Queda dos Estoques de Petróleo Global
LONDRES – Os estoques globais de petróleo estão diminuindo rapidamente, e os analistas alertam que as reservas podem não se recuperar até dezembro de 2027, com escassez física se tornando uma possibilidade na Europa até o final deste mês.
Avisos de Escassez Física
Jeff Currie, co-presidente da Abaxx Commodity Exchange, afirmou que a escassez de petróleo pode atingir a Europa "a qualquer momento", e a gravidade da atual crise de fornecimento ainda não se reflete nos preços do petróleo ou nas declarações dos formuladores de políticas. Em entrevista ao programa "Squawk Box Europe" da CNBC na segunda-feira, Currie disse que as preocupações com a oferta de petróleo devem se intensificar à medida que os estoques diminuem, acrescentando que, uma vez que as escassas reservas sejam sentidas, os preços irão "se tornar não-lineares."
"Então, descobriremos qual é a disposição de alguém a pagar por essa última molécula", disse Currie. Ele observou que o mercado de petróleo está atualmente atravessando os "meses de transição" — uma fase, tradicionalmente, mais fraca do ciclo de demanda de commodities ao longo do ano, que ocorre após a temporada de aquecimento e antes da temporada de viagens.
Aumento na Demanda de Combustíveis
Entretanto, com o feriado Memorial Day dos Estados Unidos e os feriados de primavera do Reino Unido se aproximando, a demanda por diesel, gasolina e petróleo deve aumentar significativamente. "É nesse momento que você começará a sentir os efeitos", comentou Currie.
Estabilidade Superficial
Analistas do Societe Generale, liderados por Mike Haigh, chefe de pesquisa de FIC e commodities, afirmaram que os mercados de petróleo operam sob uma "estabilidade superficial", mas o sistema subjacente permanece "agudamente estressado". "Os estoques estão caindo rapidamente e, criticamente, apenas uma pequena parte dos estoques globais é realmente utilizável sem levar o sistema a um estresse operacional", disseram os analistas em uma nota divulgada na segunda-feira.
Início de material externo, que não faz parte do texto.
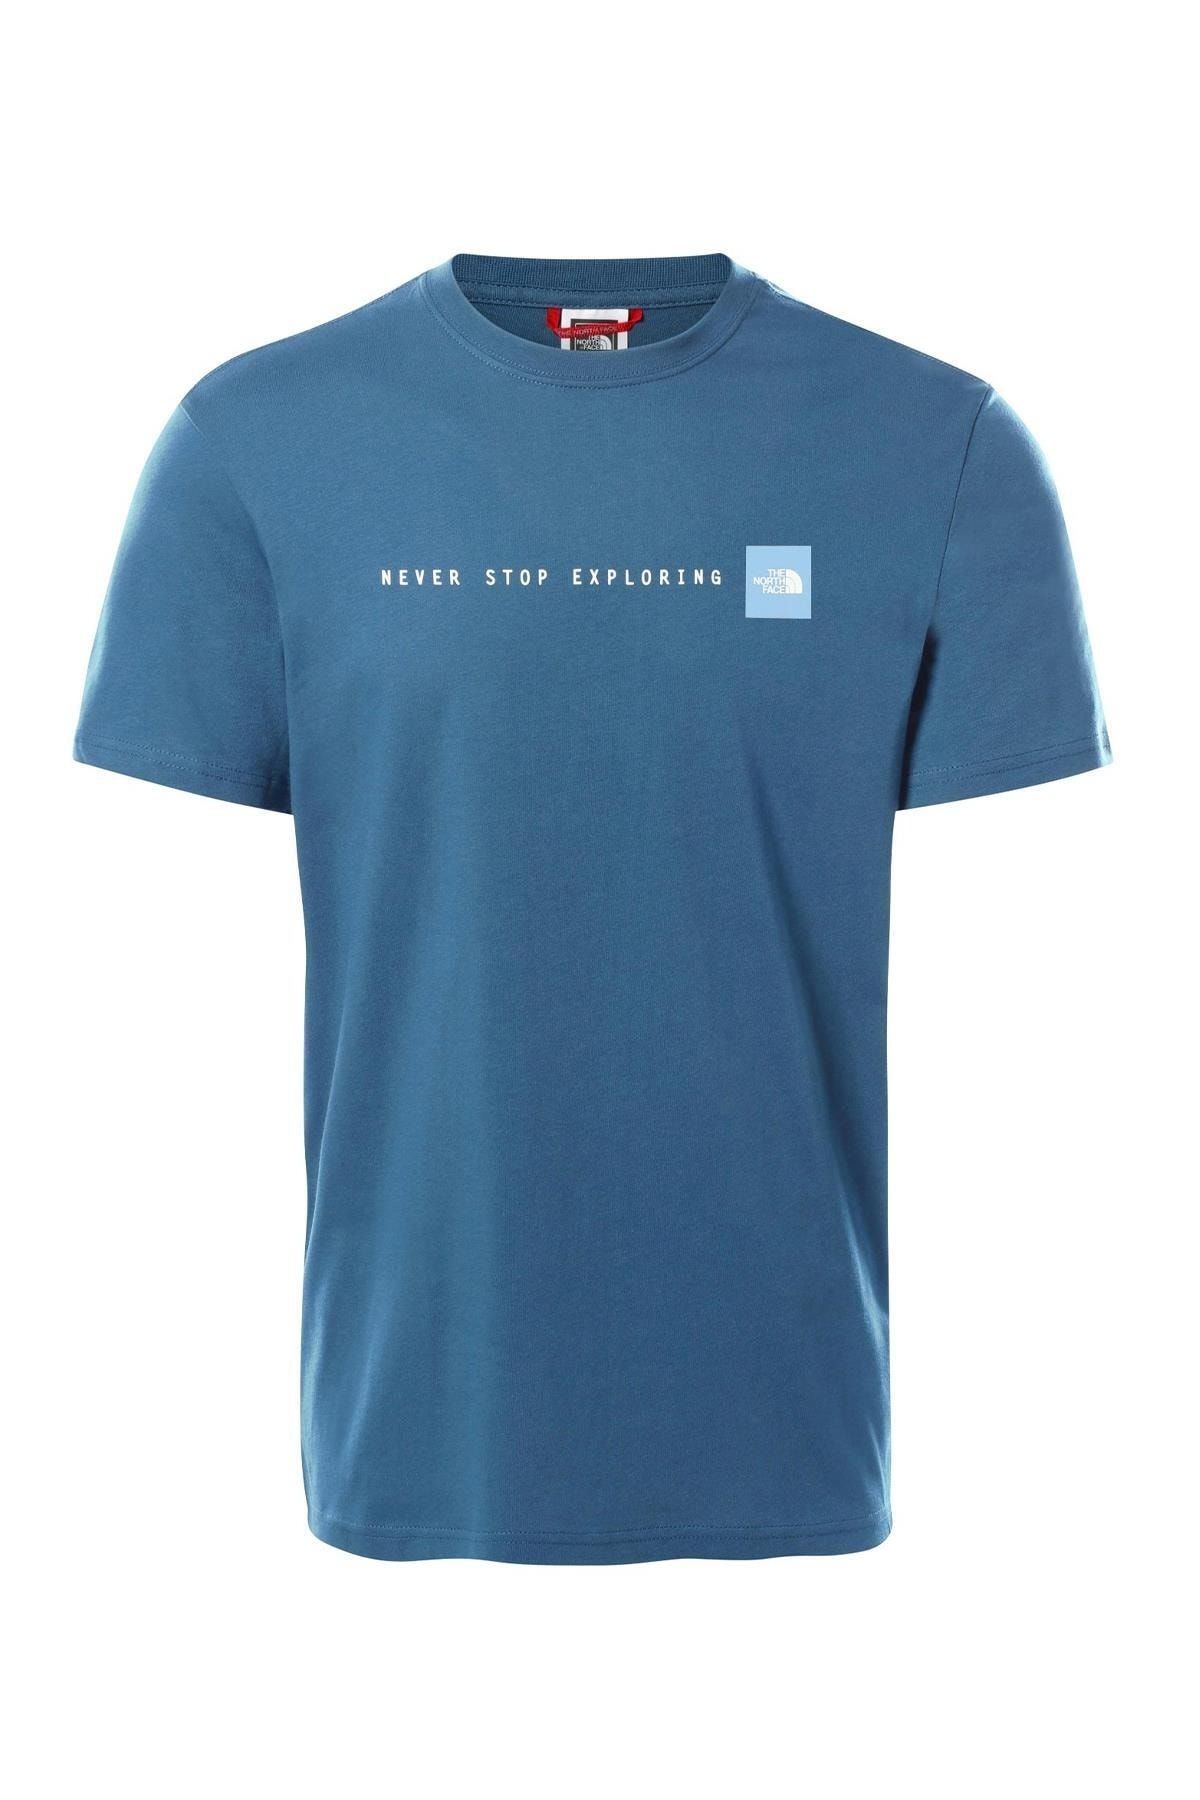 The North Face هرگز از کشف تی شرت مردانه آبی دست نکشید
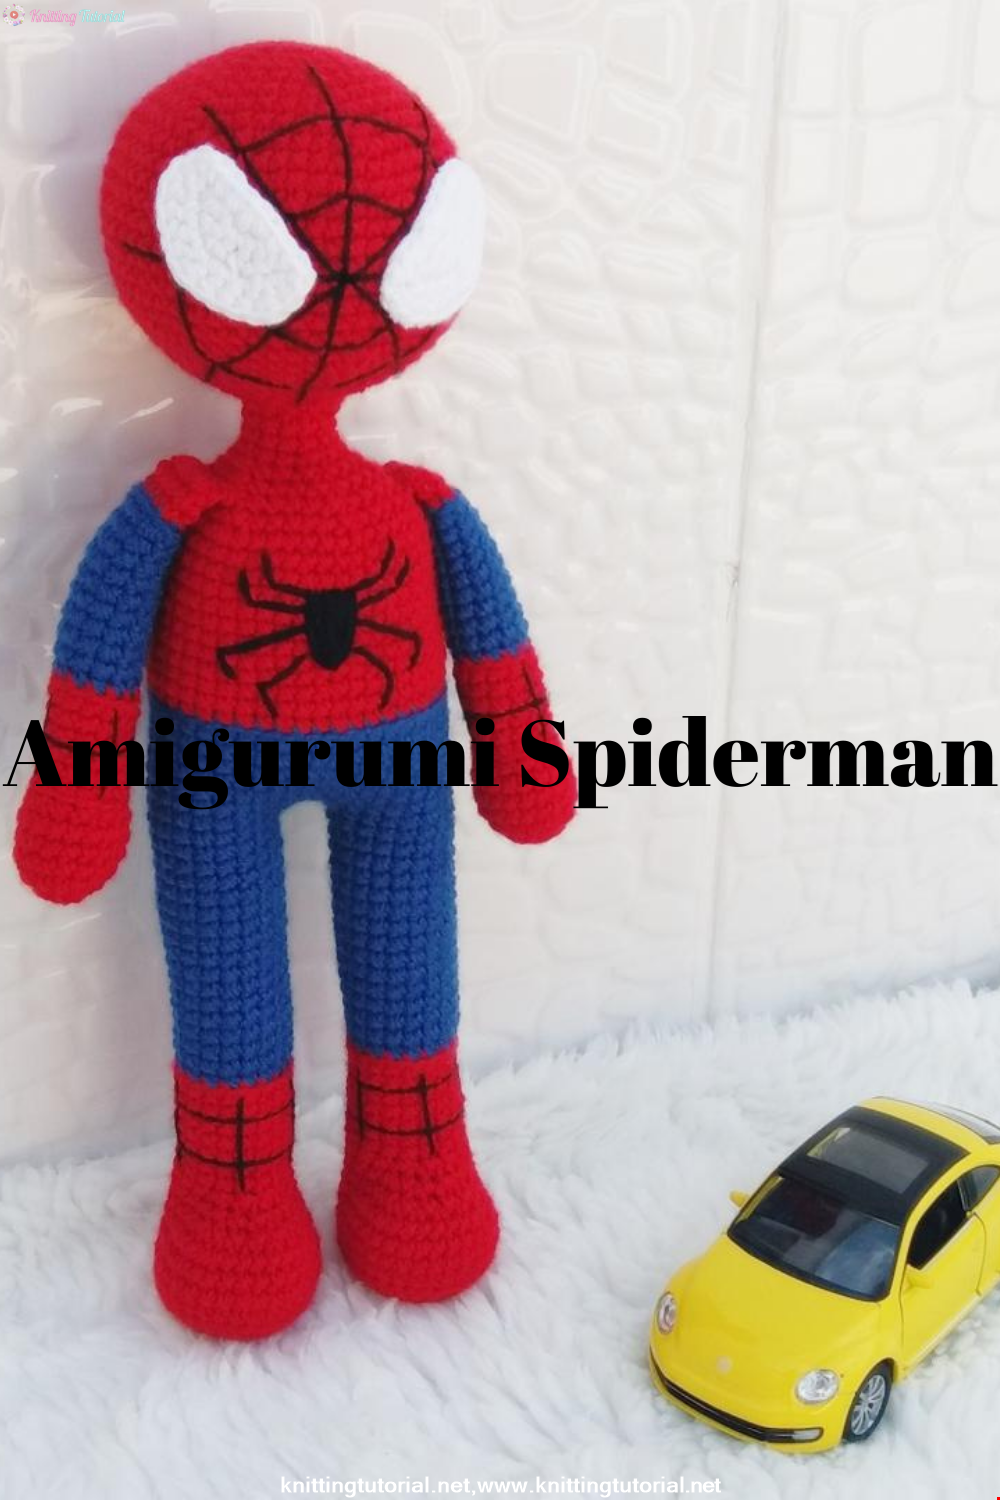 Making Amigurumi Spiderman

Os fluxos através do Estreito de Ormuz, que normalmente representam cerca de um quinto do fornecimento total de petróleo e gás do mundo, estão severamente restringidos desde que o conflito entre Estados Unidos e Irã começou em 28 de fevereiro. Os analistas do SocGen destacaram que, mesmo que o estreito fosse reaberto no início de junho, a complexa sequência da cadeia de fornecimento físico para colocar mais petróleo em operação — que envolve trânsito de petroleiros, descarregamento, refino e distribuição — ainda significaria um atraso de pelo menos 52 dias.
Isso resulta em vários milhões de barris por dia permanecendo offline, levando a um aumento ainda maior das reservas já em rápido esgotamento.
Estresse Prolongado
Por outro lado, uma reabertura prevista para o final de junho traria um "estresse mais profundo e prolongado", com um alívio físico sendo adiado até o final de agosto e uma normalização significativa não esperada antes de setembro, segundo o SocGen. No entanto, um atraso ainda mais longo na reabertura poderia empurrar os preços do petróleo para cerca de US$ 150 por barril, com essa elevação persitindo pelo restante do ano.
"Embora os fluxos sejam retomados, a sobreposição do tempo atrasado embute um déficit de estoque mais profundo, prolongando a pressão até 2027 e adiando ainda mais a completa normalização, destacando quão sensível o sistema é a mudanças, mesmo que pequenas, nas datas de reabertura", explicaram os analistas.
Os preços do petróleo apresentaram alta na tarde de segunda-feira, enquanto as negociações entre Washington e Teerã pareciam estar paralisadas. O Brent crude, referência internacional, subiu 1,4% na segunda-feira, atingindo US$ 110,73 por barril, enquanto o preço do West Texas Intermediate dos EUA alcançou US$ 106,86, um aumento de 1,3%.
"Qualquer pessoa que se envolva nesse ramo está dizendo que a situação é ruim", disse Currie. "Os iranianos querem infligir dor. Não é o preço do petróleo que importa aqui — é a disponibilidade de petróleo."